Huntington’s chorea is a devastating human genetic disease. A close look at its genetic origins and evolutionary history explains its persistence and points to a potential solution to this population-level problem.
People who inherit this genetic disease have an abnormal dominant allele that disrupts the function of their nerve cells, slowly eroding their control over their bodies and minds and ultimately leading to death. In the fishing villages located near Lake Maracaibo in Venezuela (see map at left), there are more people with Huntington’s disease than anywhere else in the world. In some villages, more than half the people may develop the disease.1
How is it possible that such a devastating genetic disease is so common in some populations? Shouldn’t natural selection remove genetic defects from human populations? Research on the evolutionary genetics of this disease suggests that there are two main reasons for the persistence of Huntington’s in human populations: mutation coupled with weak selection.
The diagram at right shows how the Huntington’s allele is passed down. Since it is the dominant allele, individuals with just one parent with Huntingtons’s chorea have a 50-50 chance of developing the disease themselves.
In 1993, a collaborative research group discovered the culprit responsible for Huntington’s: a stretch of DNA that repeats itself over and over again, CAGCAGCAGCAG… and so on. People carrying too many CAGs in the Huntington’s gene (more than about 35 repeats) develop the disease. In most cases, those affected by Huntington’s inherited a disease-causing allele from a parent. Others may have no family history of the disease, but may have new mutations which cause Huntington’s.
If a mutation ends up inserting extra CAGs into the Huntington’s gene, new Huntington’s alleles may be created. Of course it’s also possible for a mutation to remove CAGs. But research suggests that for Huntington’s, mutation is biased; additions of CAGs are more likely than losses of CAGs.
As though that weren’t bad enough, Huntington’s belongs to a class of genetic diseases that largely escape natural selection. Huntington’s is often “invisible” to natural selection for a very simple reason: it generally does not affect people until after they’ve reproduced. In this way, the alleles for late-onset Huntington’s may evade natural selection, “sneaking” into the next generation, despite its deleterious effects. Early-onset cases of Huntington’s are rare; these are an exception, and are strongly selected against.
These mechanisms of evolution, mutation and selection, can help us understand the persistence of Huntington’s in populations. In general, Huntington’s is rare — 30-70 cases per million people in most Western countries — but it is not entirely eliminated because selection does a relatively poor job of weeding these alleles out, while mutation continues creating new ones.
Dr. Nancy Wexler (shown at right tracking geneologies) has been studying the remarkably high frequency of Huntington’s in Lake Maracaibo since the 1970s. She has found that the high incidence of this disease there is explained by an evolutionary event called the founder effect. About 200 years ago, a single woman who happened to carry the Huntington’s allele bore 10 children — and today, many residents of Lake Maracaibo trace their ancestry (and their disease-causing gene) back to this lineage. A simple fluke of history, high-birth rates, and weak selection are responsible for the genetic burden shouldered by this population.
Currently, physicians don’t have any cures for Huntington’s disease — there’s no miracle pill that will stop the progress of the disease. However, understanding the evolutionary history of the disease — a recurrent mutation that is often “missed” by natural selection — points out a way to reduce the frequency of the disease in the long term: allowing people to make more informed reproductive choices.
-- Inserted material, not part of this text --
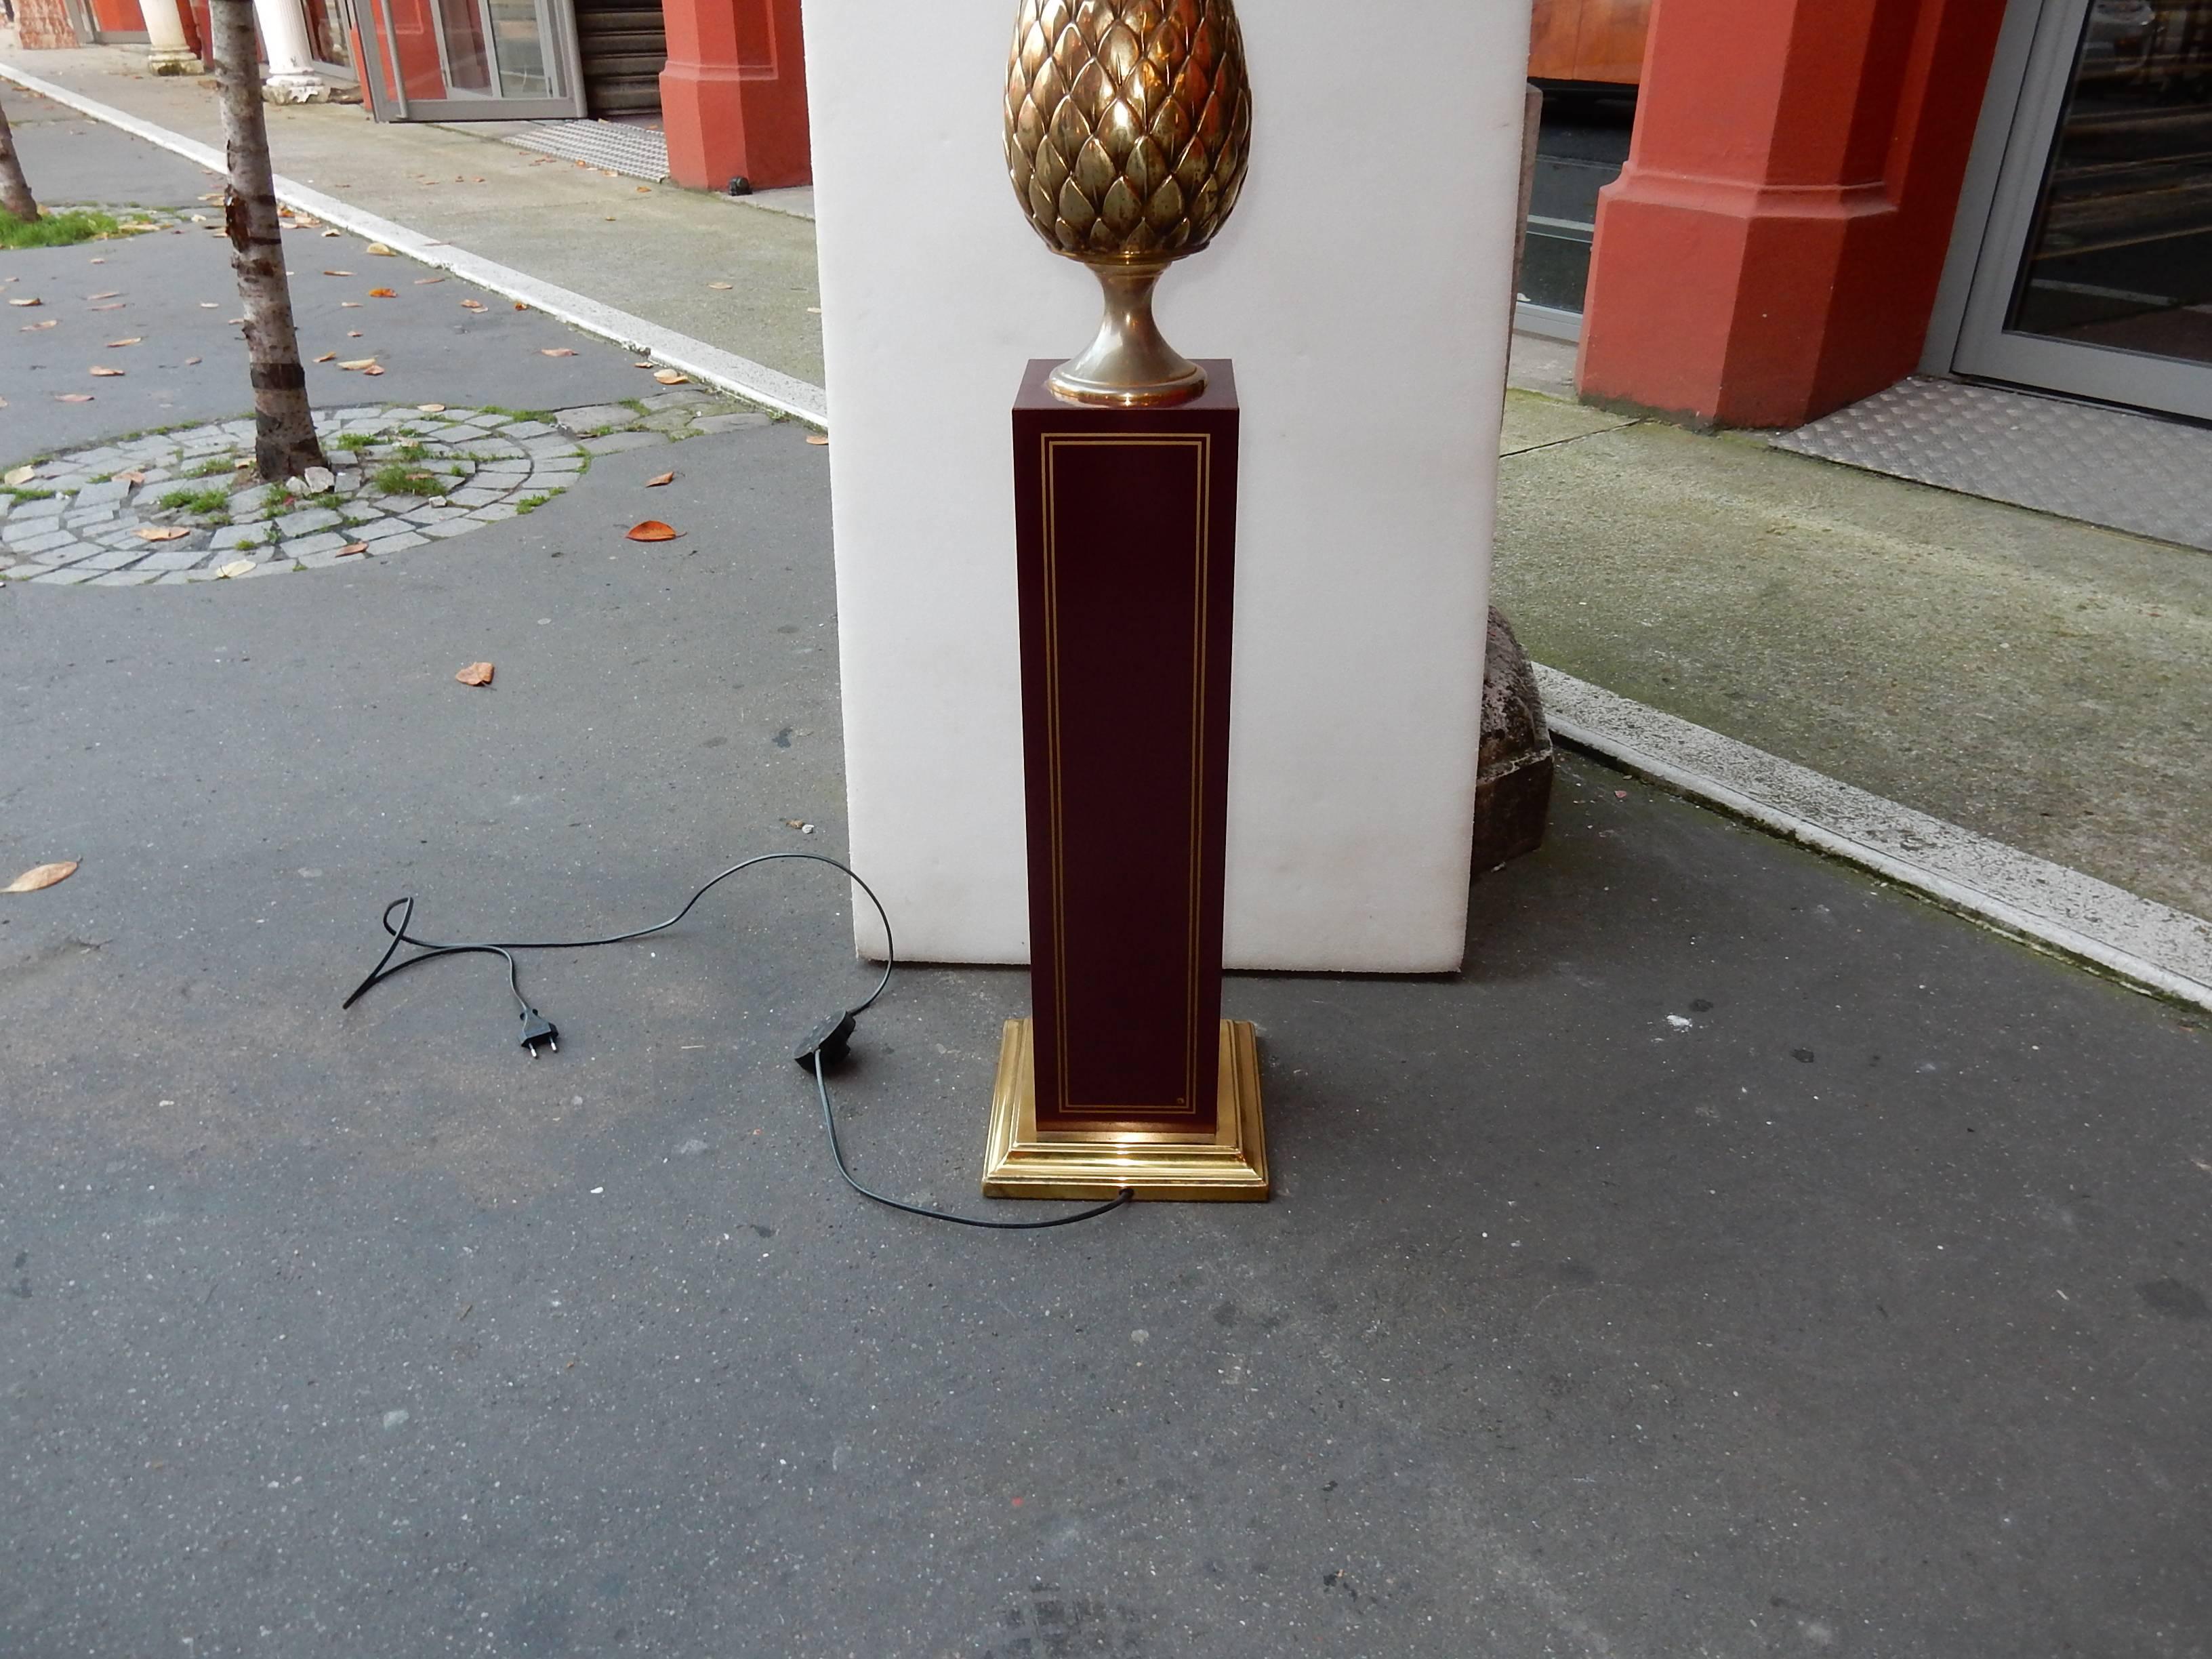 Floor lamp bases in brass and wooden girdle lacquered, pineapple cast iron d art, two bulbs, circa on 1970, in good condition. Measures: Height of fut: 64 cm lampshade: low diameter 55 and diameter high 36 cm, height 42 cm.

Today, genetic testing can identify people who carry a Huntington’s allele long before the onset of the disease and before they have made their reproductive choices. The genetic test that identifies the Huntington’s allele works sort of like DNA fingerprinting. A DNA sample is copied and cut into pieces. The pieces are then spread out on a gel (see right). The banding pattern can tell researchers whether a person carries an allele that is likely to cause Huntington’s.
Having this information could allow people to make more-informed reproductive decisions. For example, at Lake Maracaibo, researchers and health workers have tried to make contraception available to the local population so that they can make reproductive choices based on their own family history with the disease. But whatever people eventually decide to do with this knowledge, a deep understanding of the disease would not be possible without the historical perspective offered by evolution.